Letters / On the 2024 Winter Gift

I recently received a divinely-timed gift to hang on my wall in my cell at the Maury Correctional Institution: a print by Liora Ostroff drawn from Rabbi Abraham Joshua Heschel’s 1971 essay “Dissent.” I have recently begun identifying as Jewish and studying Judaism on a daily basis, but Jewish resources are limited here and I am presently indigent. I wanted to let Ms. Ostroff know of the lifeline I have through her work; I am blessed each time I am able to consider its content.

John Marston
Maury, NC

I am writing to register my disapproval at the 2024 Winter Gift. While I understand that there is a Jewish tradition of secularizing religious art, the shiviti amulet print fails on multiple fronts. A shiviti is an extremely sacred object, filled with holy names and psalms. As someone engaged in a Hasidic movement, the explicit replacement of the divine name with a mundane English word is quite off-putting. The piece uses the aesthetics of mystical practice without engaging meaningfully with it. The use of a faux Hebrew font for the English only adds to a sense of uncomfortable dissonance.

Your audience of leftist, metropolitan Yidn are increasingly rediscovering their spiritual tradition and finding ways to synthesize it with radical politics. Our mystical tradition is inherently radical and liberatory, but when stripped of its spiritual nature, that liberatory power also takes leave. In this moment of generational spiritual renewal, it would benefit your magazine to avoid pieces that remove divinity from our people’s sacred tools.

Atira Chaya Wiechmann
Brooklyn, NY

I’m writing to complain about the art you curated for this year’s winter gift: a secularized and sanitized spin on a shiviti amulet. In replacing liturgical verse and the names of Hashem with (frankly, boring) English text by Rabbi Abraham Joshua Heschel, Liora Ostroff has de-Judaized the art form.

I appreciate that Jewish Currents is a historically secular magazine with a proud secular readership. However, this art isn’t just secular; it’s secularizing—and profaning—a sacred
art form without speaking substantively to that interplay. Worse, it suggests that Judaism needs to be secularized in order to be sufficiently radical. The sad undercurrent here is that many radical Jews want to connect to our mystical traditions but have no idea where to start. Art like this severs, rather than fosters, that connection.

Misha Holleb
Brooklyn, NY

A response from the artist:

Shiviti amulets have a short and controversial history, just like the Sabbatean—not Hasidic—movement from which they arose. Religious authorities originally considered them profane and idolatrous, which speaks to the way questions of authenticity, blasphemy, and holiness are already inherent in the form.

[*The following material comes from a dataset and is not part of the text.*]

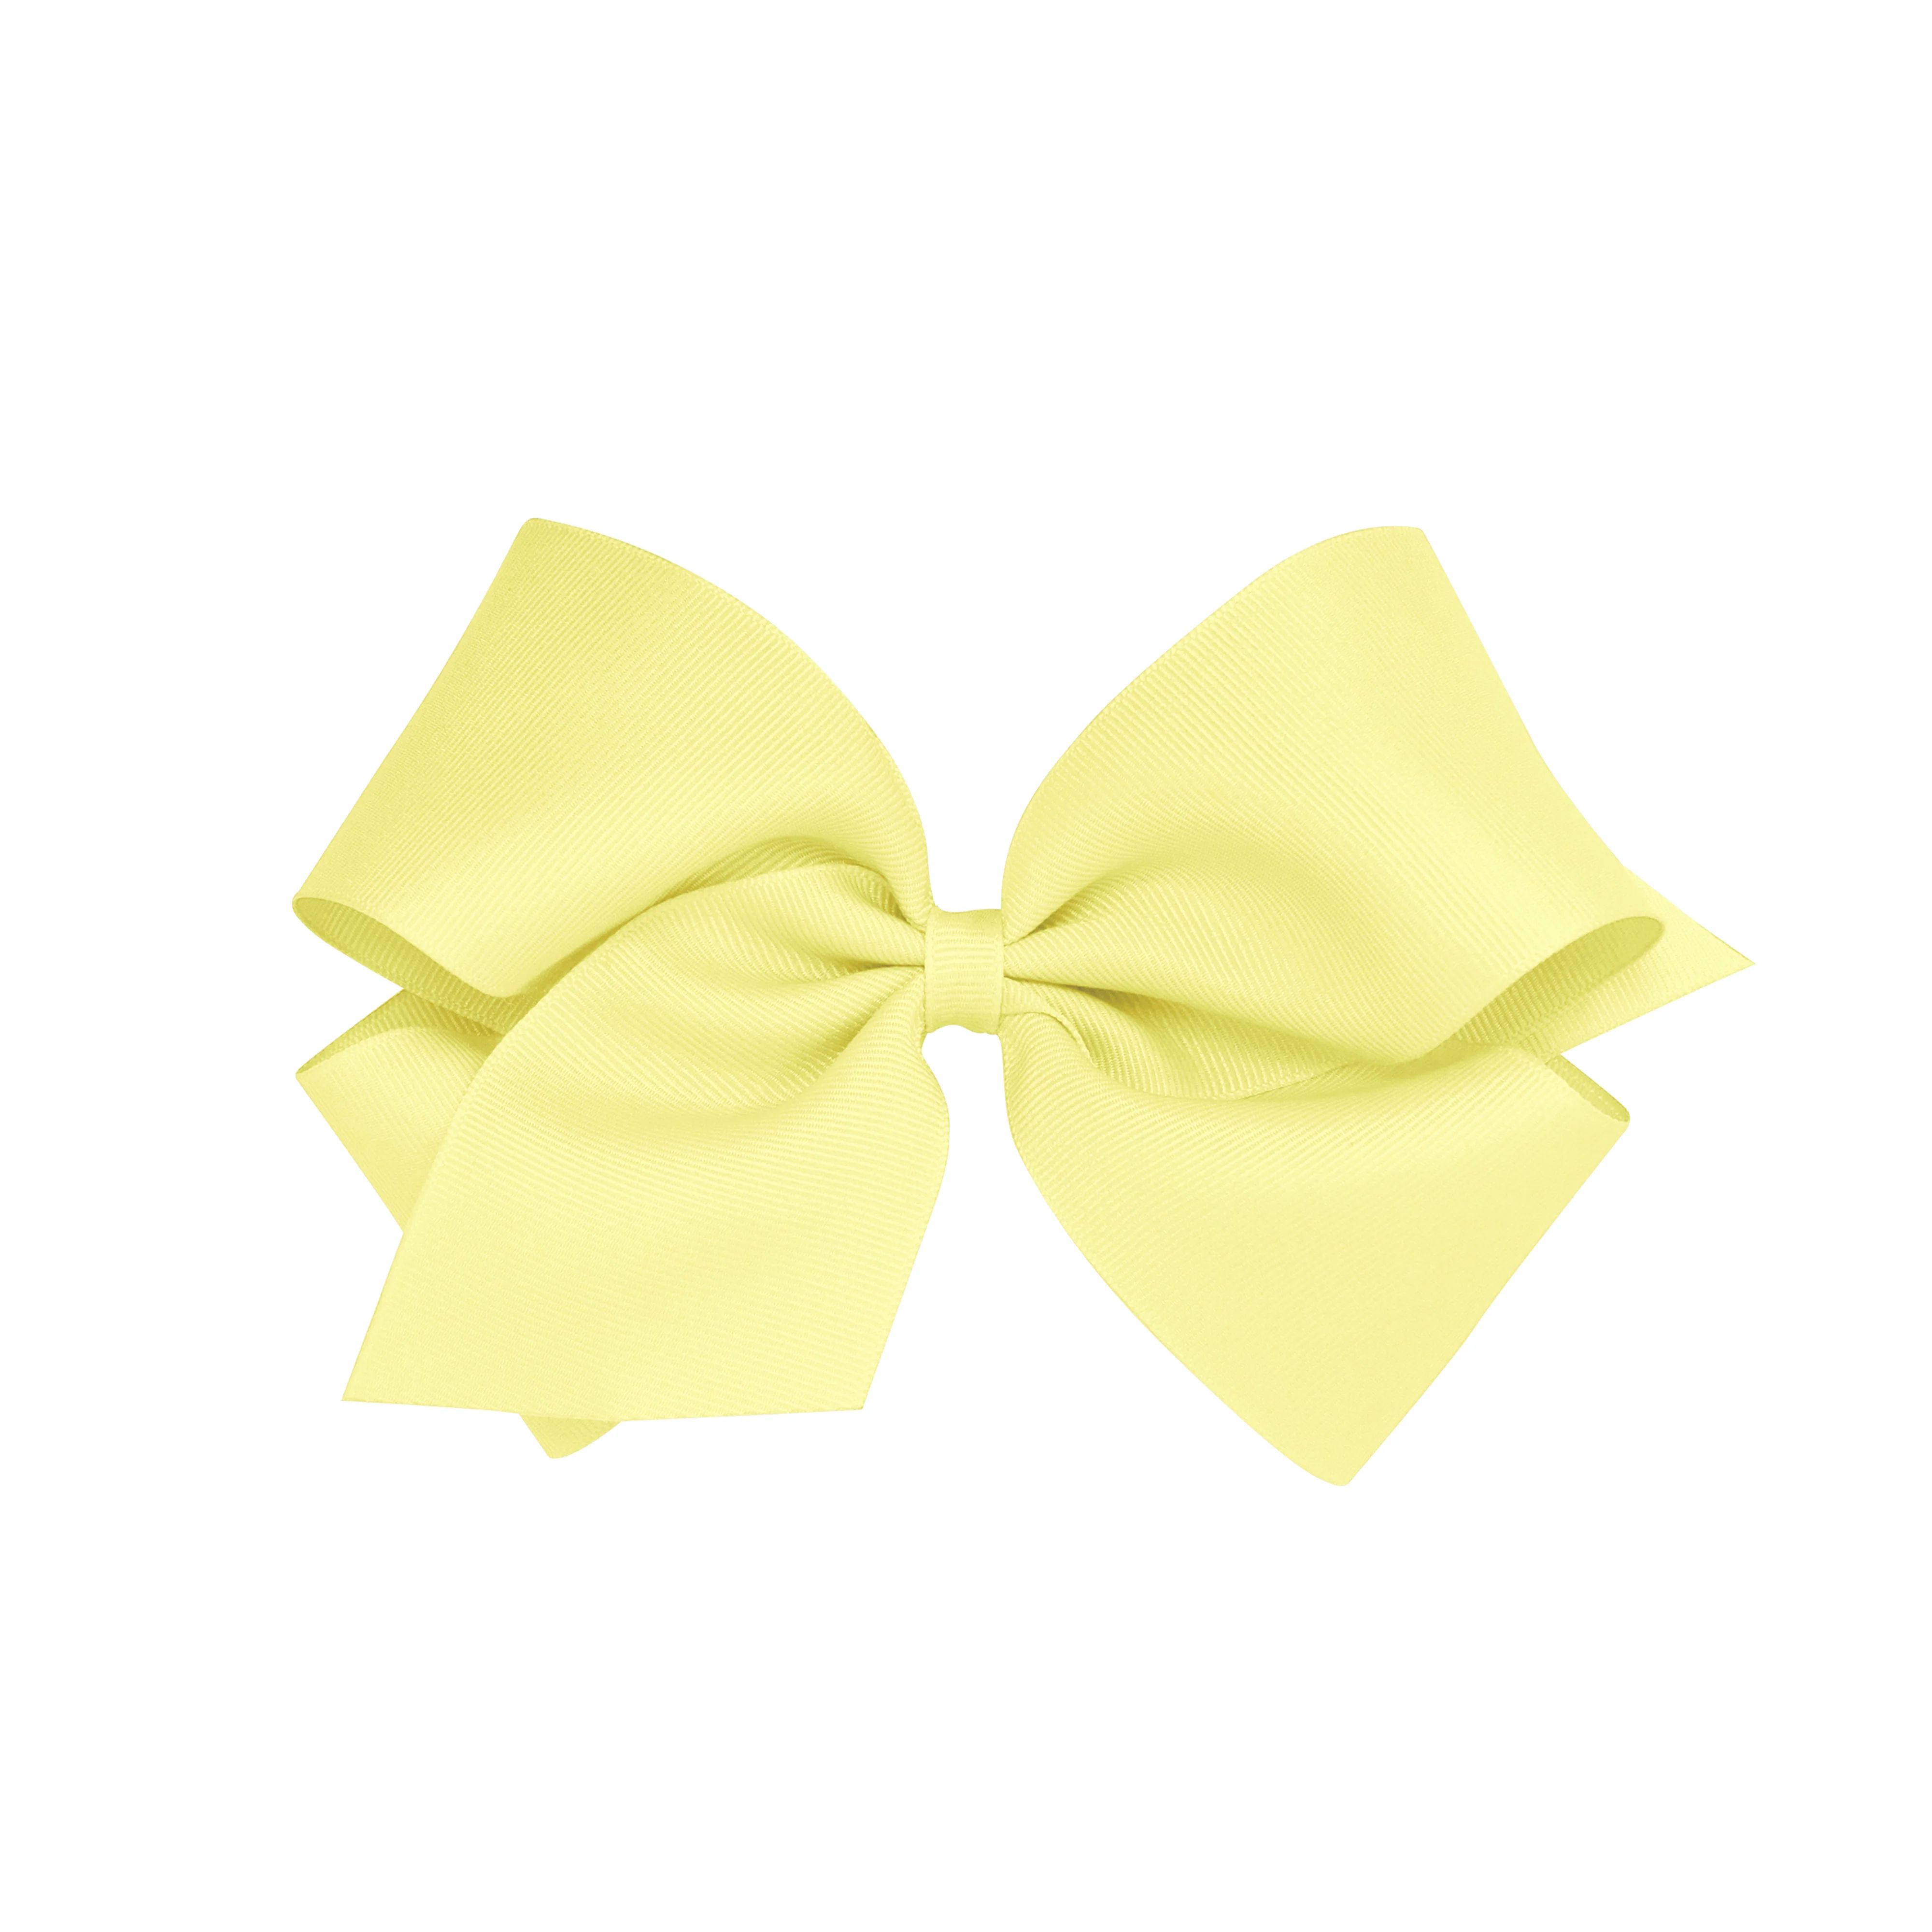 Wee Ones King Grosgrain Hair Bow - More Colors | The Beaufort Bonnet Company

Even if these amulets have now been enshrined in sacred tradition, the letter writers’ rubric for assessing their authenticity seems hazy. They take issue with the aesthetics of the “Hebrew”-style font. But to me, the font is a conscious nod to kitsch, which is often acknowledged as a hallmark of earnest, sentimental religious art. Similarly, the objection to the use of English words seems strange. Kaddish is recited in Aramaic because it was the spoken language of the time, and the rabbis insisted that daveners should understand their own prayer. I am reminded of a story told by the Ba’al Shem Tov, founder of Hasidism, about a child who does not know how to pray and instead recites the aleph-bet; his prayer is holy because it is sincere, and his earnestness is rewarded directly by God.

These letters also nod to the long history of Jewish artistic renewal, but do not engage with it. Others have found fertile ground in the shiviti: In “The Cult of Synthesis in American Jewish Culture,” Jonathan D. Sarna explores syncretism in Jewish folk art, offering the example of an 1861 papercut shiviti by Phillip Cohen that sets two American flags atop the traditional texts and motifs. As Jewish Currents contributing editor Maia Ipp writes in her essay “Kaddish for an Unborn Avant-Garde,” “At the very center of both Judaism and experimental art-making is a generative tension between modernity and tradition, between a commitment to the lineage that formed us, and the desire to see and represent the world anew.”

Finally, the letters’ accusation of “profaning” reminds me of tiresome controversies in the world of modern art, including debates around Andres Serrano’s Piss Christ, featuring a crucifix submerged in the artist’s urine, or Chris Ofili’s 1996 painting The Holy Virgin Mary, which incorporates pieces of elephant dung. In response to accusations that he was profaning the image of the Virgin Mary, Ofili, a Roman Catholic with an earnest investment in honoring his own religious background, said, “I’m interested in ideas of beauty . . . and elephant dung in itself is quite a beautiful object.” While I do not feel that using the prophetic speech of a notable rabbi in a mystical format is profanation, even if it were, that would sit well within hallowed traditions of both Jewish and contemporary art.